Here is a funny thing about ABAP. When it started there was no handling of decimal points. That is why working with VOFM user exits is so agonising, to this day. Since there was no concept of a decimal point then the idea was to have each ABAP statement end with a decimal point (a so called period). So, as we know – in ABAP - if you want to pass 0.5 into a packed number you must pass a string in, which is obvious madness. In JavaScript since you have a semicolon as the end of a statement you can pass 0.5 directly into your variable.

Next problem – in countries like the UK or the USA we use a comma to separate big numbers and a decimal point is used as a decimal point. e.g., 1,000,000.00. In Europe however a decimal point is used to sperate big numbers, and a comma is used instead of a decimal point e.g., 1.000.000,00

The standard SAP system can handle this – sort of – but as I have worked for a multinational company for so long it is painful to deal with this, especially with IDOCS. You end up with some users getting short dumps, and some not, depending on their user setting.

In JavaScript they get round this by specifying the number as 1_000_000. That way I suppose you do not upset anyone.

Put that in your Pipe and Smoke It

As you know in ABAP with the “new” syntax (which is not really that new anymore) you can write something like

MONSTER_MESSAGE = |Monster { MONSTER_NAME } is Coming to Get You!|.

Well guess what – in JavaScript this is pretty much the same but with a ` instead of a |, so that concept was probably copied straight from JavaScript to ABAP.

End of Part Two

By now you have probably got the general point I am trying to make.
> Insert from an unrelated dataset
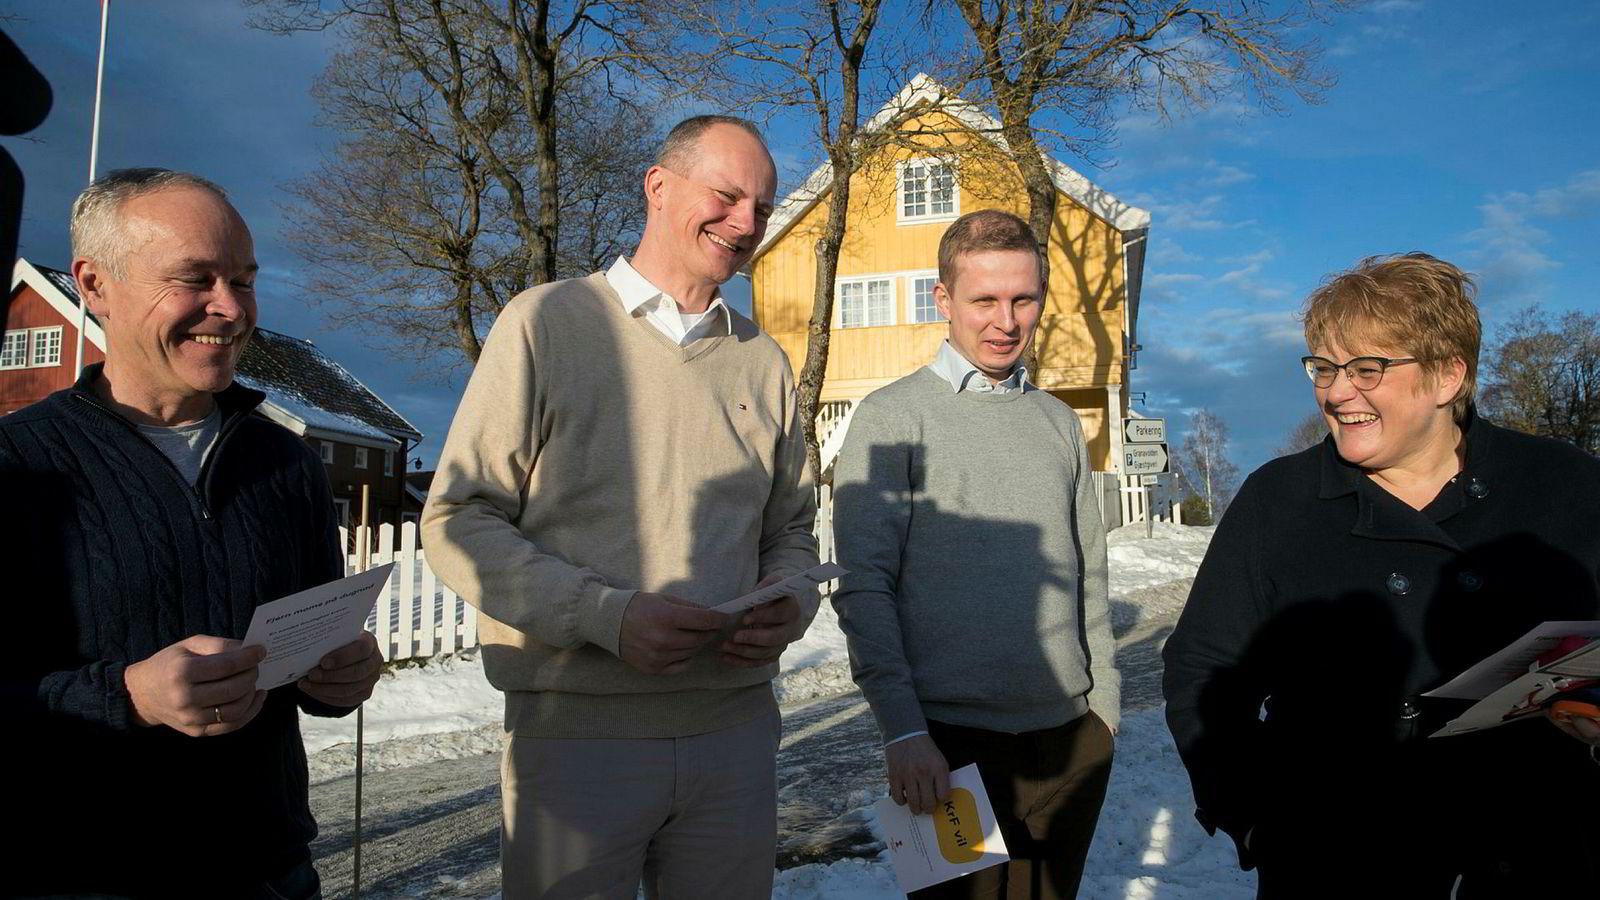 Uenige om spritsalg? Høyres nestleder Jan Tore Sanner, nestleder i Frp Ketil Solvik-Olsen, Erik Lunde fra KrF og Venstre-leder Trine Skei Grande under regjeringsforhandlingene på Granavolden Gjæstgiveri på Hadeland.

Many ABAP programmers are soiling their trousers every time they even think of writing in another language like JavaScript but as it turns out the more you investigate the language the more you find it is just like ABAP.

I will write another blog about this book in due course. I might do one on ABAP2XLSX first in an attempt to stop the one blog a month, every month, for the last ten years, on SDN which re-invents that particular wheel.